As in Figure 2, ten million (A–D) or one million (E) Th1-skewed ESAT-6 specific cells were transferred into the indicated hosts that were subsequently infected with Mtb. (A/B) Bacterial numbers in the lungs of WT or TNF deficient (ko) mice that either did not receive effector T cells, or received WT or TNF deficient effector cells. Bacterial numbers were determined 21 days post infection. The data are a combination of 2–3 experiments with 3–4 mice per group. (C) Pictures of lungs from 3 mice from the indicated experimental groups at day 21 post infection. (D) Bacterial numbers at the indicated times harvested from either WT mice that either did not receive cells, or received Th1-skewed WT or IFNγ.TNF dbl deficient cells. Each dot is the average of 7 mice from two independent experiments. Error bars mark SEM. (E) Bacterial numbers from mice receiving either no cells or 1 million C7 effector cells from the indicated donors. Differences were calculated using unpaired Student's t test (A, B, D), or calculated by one way ANOVA (E) ***p<0.0001.

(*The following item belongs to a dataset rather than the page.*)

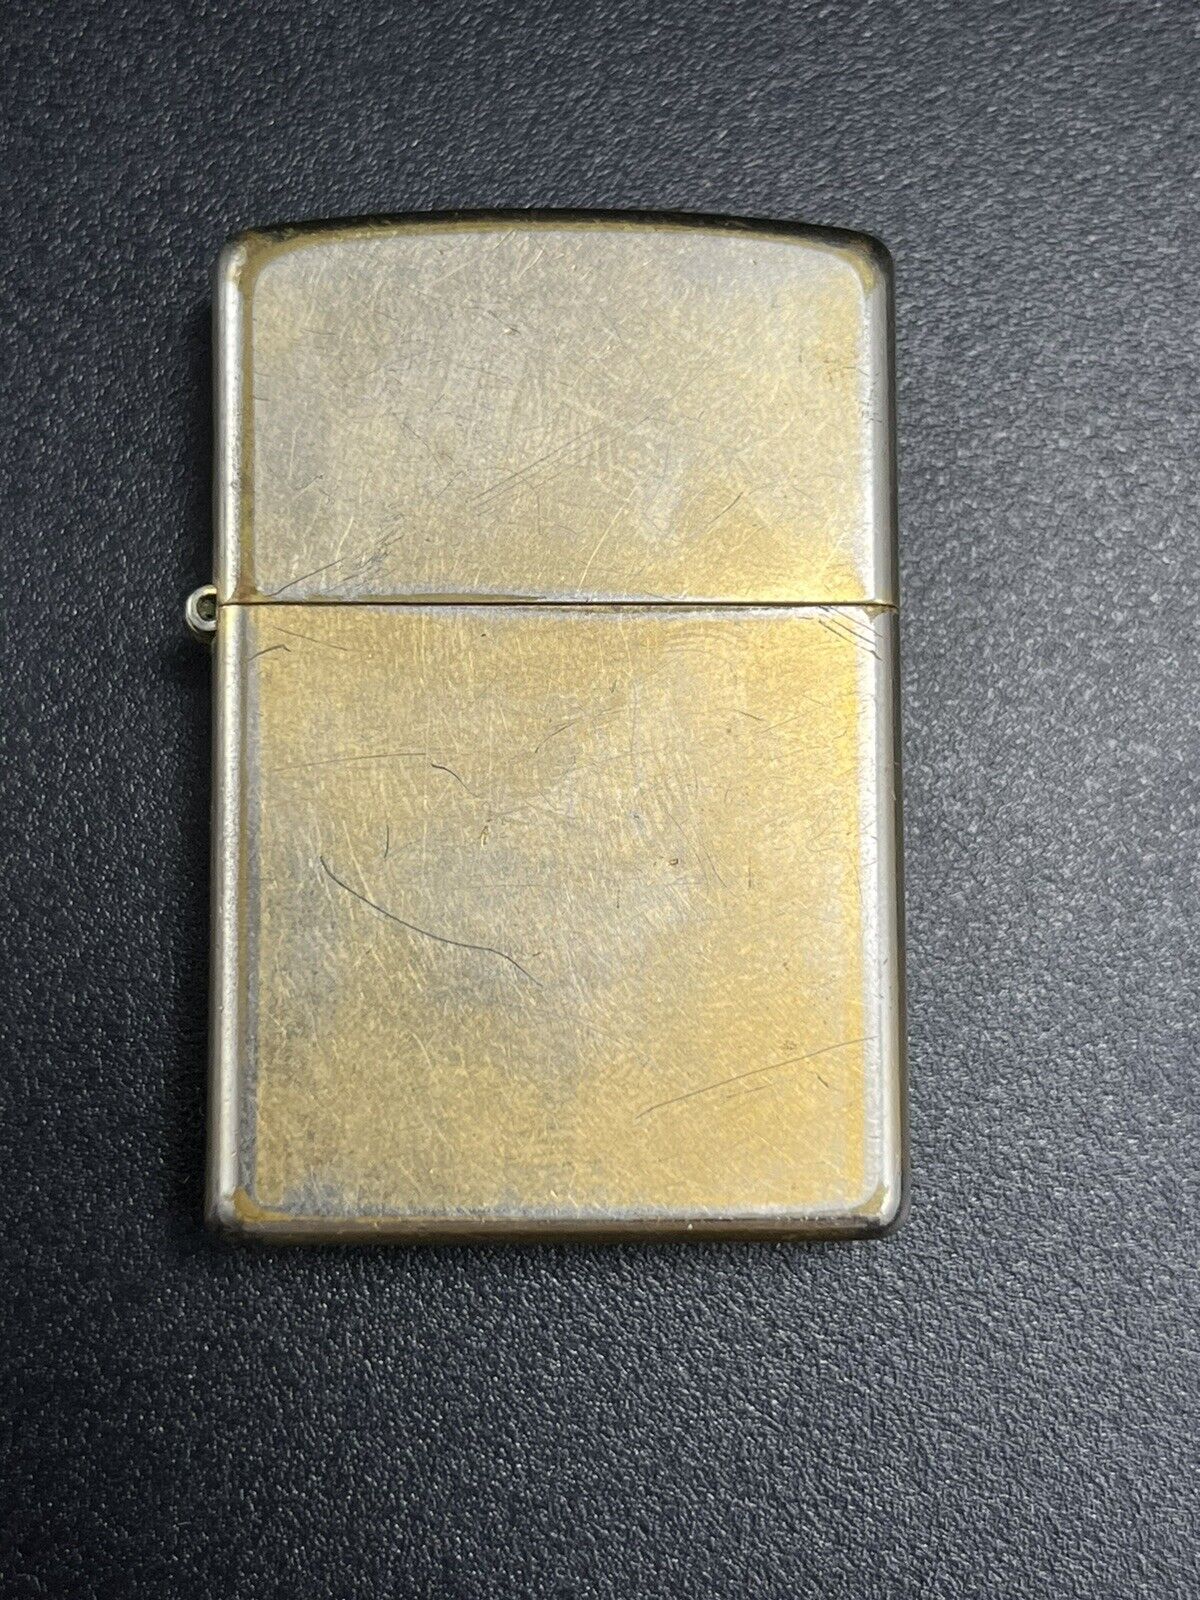 2004 Zippo Lighter Brass Color Toned Works Great

Figure 4. Cytolysis via perforin and FAS are not required for control of M. tuberculosis infection.

(A/B) Th1-skewed ESAT-6 specific cells were transferred into WT mice (expressing CD45.2) that were subsequently transfused i.v. with equal numbers of CD45.1 CFSE^high, ESAT-6 peptide-pulsed splenocytes, and CFSE^low control peptide-pulsed (Listeria lysin O, LLO) splenocytes. (A) In vivo cytotoxicity was assessed 16 hours later by flow cytometry. Dot plots of CFSE and MHC class II levels on CD45.1 splenocytes in recipient mice. The numbers represent frequencies of cells within each quadrant. (B) Cumulative data from two independent experiments from 3–4 mice per group. (C–E) Th1-skewed ESAT-6 specific cells from the indicated backgrounds were transferred into either WT or FAS deficient mice. Bacterial numbers were determined 21 days post infection. Experiments were performed 2 times with 3–5 mice per group. Statistical significance was calculated using the unpaired Student's t test.

Figure 5. Optimal protection to M. tuberculosis requires a Th-1 lineage population, yet is independent of T-bet.

ESAT-6 specific CD4 T cells from the indicated genetic backgrounds were activated for 4 days under Th1, Th2 or Th17 skewing conditions before transfer into the WT mice. Two days after transfer, mice were aerosol infected with ∼100 CFU of Mtb. Twenty-one days later lungs were harvested to determine frequencies and phenotypes of the transferred T cells and lungs were plated to determine bacterial numbers. (A) Frequencies of the transferred populations in the lungs of infected mice, as determined by flow cytometry. (B) Frequencies of IL2, IFNγ, TNF, IL17A, and IL4 producing cells among the transferred effector populations harvested from the lungs. (C) Histogram plots following intracellular staining for the indicated transcription factors. The gate marks the frequencies of RORγt bright cells. (D) Bacterial numbers in the lungs 21 days post infection. *** p<0.0001 calculated by one way ANOVA.